Я протягиваю ему рисунок.
— Эта девушка… видели ее? Мне кажется, она могла работать в пекарне.
Он скашивает взгляд.
— Немного напоминает Меду Форжаж в юности, — говорит он. — Такие же приподнятые брови, сходящиеся к переносице. Как крылья бабочки. Но я не знаю ее.
— Кто такая Меда Форжаж?
— Уехала из Маленького Иерусалима незадолго до обращения. Но ей должно быть не меньше пятидесяти. Она вдова. Не может быть, чтобы это была она.
— Куда она переехала?
— Куда-то в окрестности Белема, по-моему. — Белем — городок неподалеку, из которого португальские каравеллы отправляются в Африку, Индию и Новый Свет. — Думаю, она надеялась встретить там богатого исследователя, если ты понимаешь, о чем я, — добавляет Симон. Он пожимает плечами в знак того, что не может ее осуждать. — Мы делаем все, что необходимо для выживания.
— Женщина ее лет — она не может довольствоваться только этим, — говорю я.
— Ее муж возил шерсть из Фландрии. Она помогала ему, вела бумаги. Может быть, она занялась шитьем, как твоя мать.
— Спасибо. — Мы обнимаемся так крепко, словно боимся признать, что это может быть наша последняя встреча. — Вы ведь больше не откроете пекарню, верно? — замечаю я.
Симон мотает головой.
— Я больше не желаю кормить эту страну, — говорит он. — Вымогатель, — добавляет он шепотом. — Это гораздо более удачная профессия для Португалии.
От пристальных взглядов собравшихся возле ворот Святой Катарины христиан волоски у меня на загривке встают дыбом, но эта готовность моего тела в любую секунду броситься бежать — излишняя предосторожность: их глаза спокойны, дыхание легко.
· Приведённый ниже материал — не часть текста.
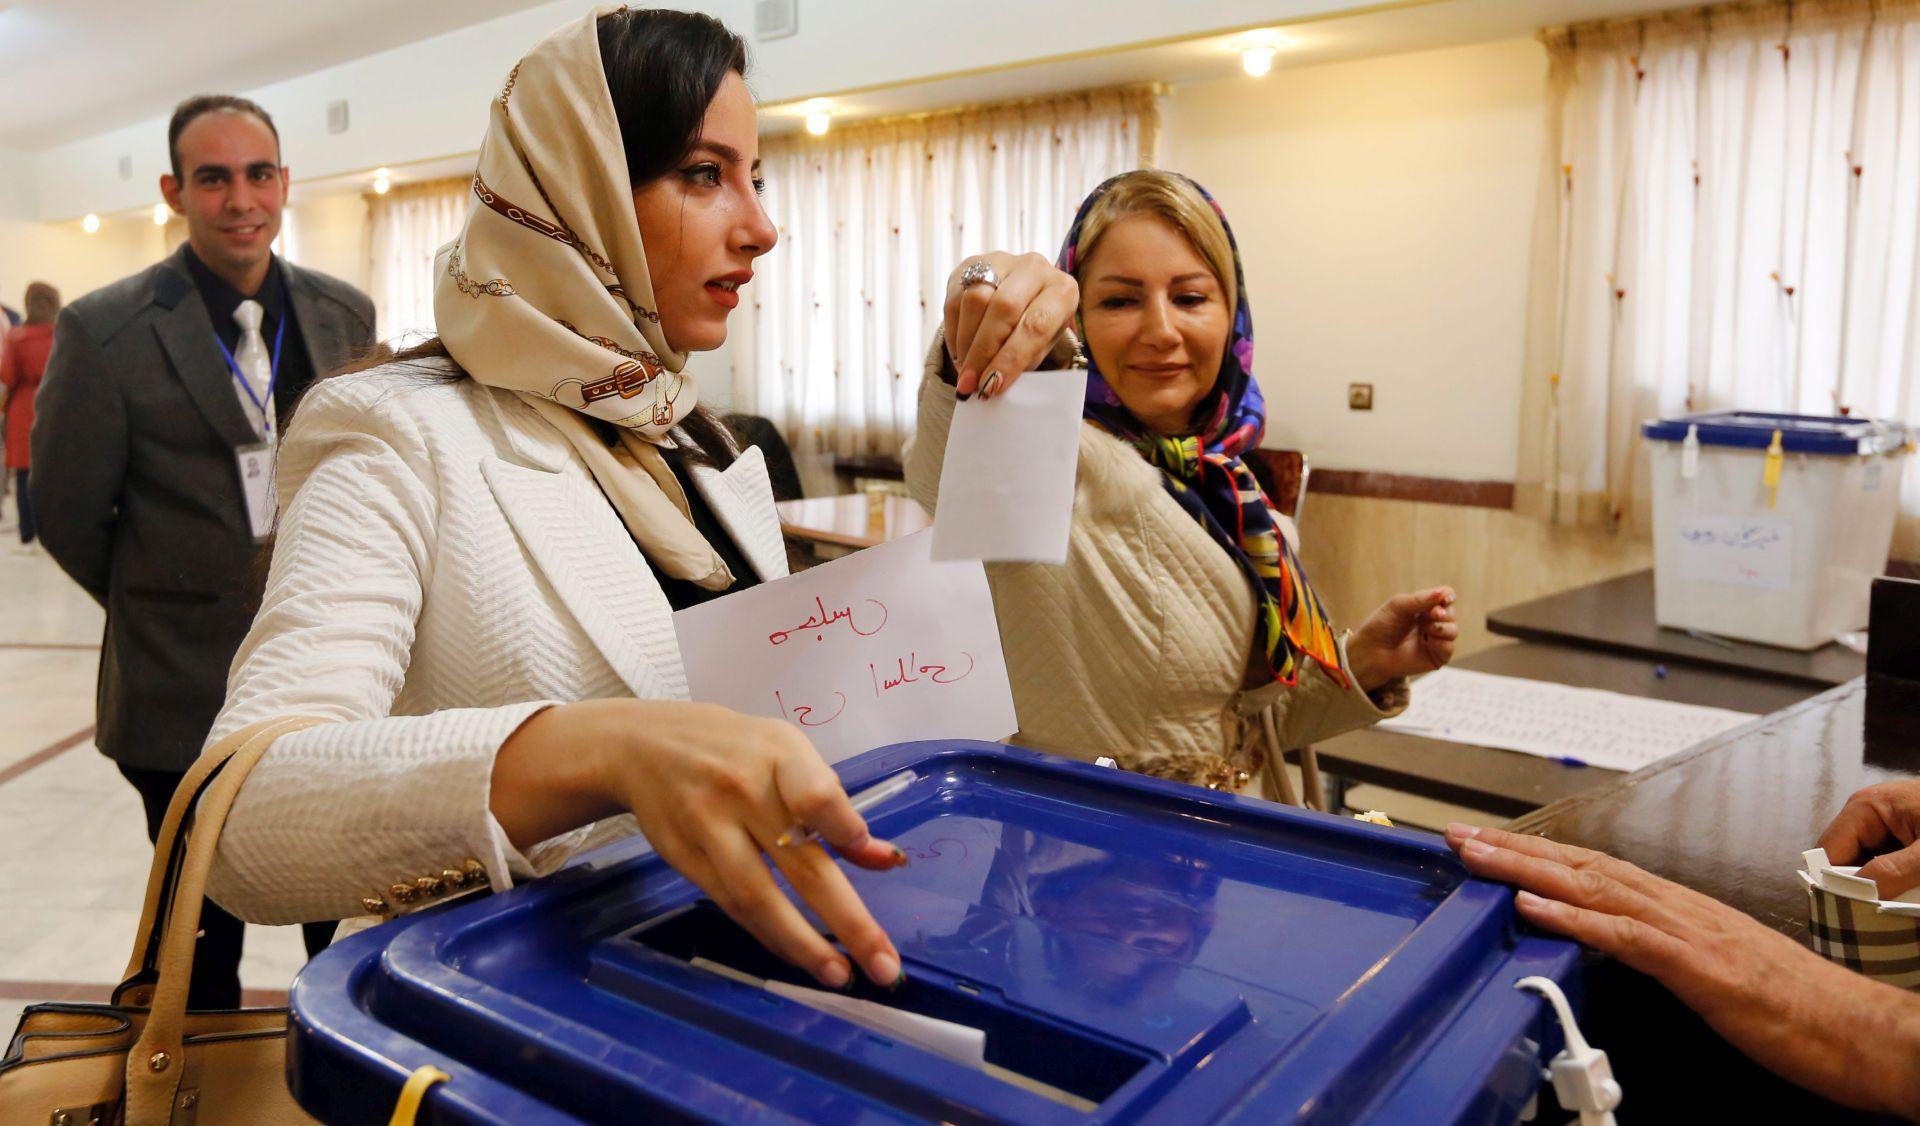 ZAPOČELO GLASOVANJE: Drugi krug parlamentarnih izbora u Iranu

Их страх перед чумой, засухой и несметным числом демонов, правящих их сознанием, отступил, по крайней мере, на время. Я добираюсь до предместий Белема меньше, чем за час. Здесь сотни африканцев и поденных рабочих, погоняемые плетьми, трудятся над возведением в честь короля Мануэля нового огромного монастыря, который будет закончен в лучшем случае в следующем веке.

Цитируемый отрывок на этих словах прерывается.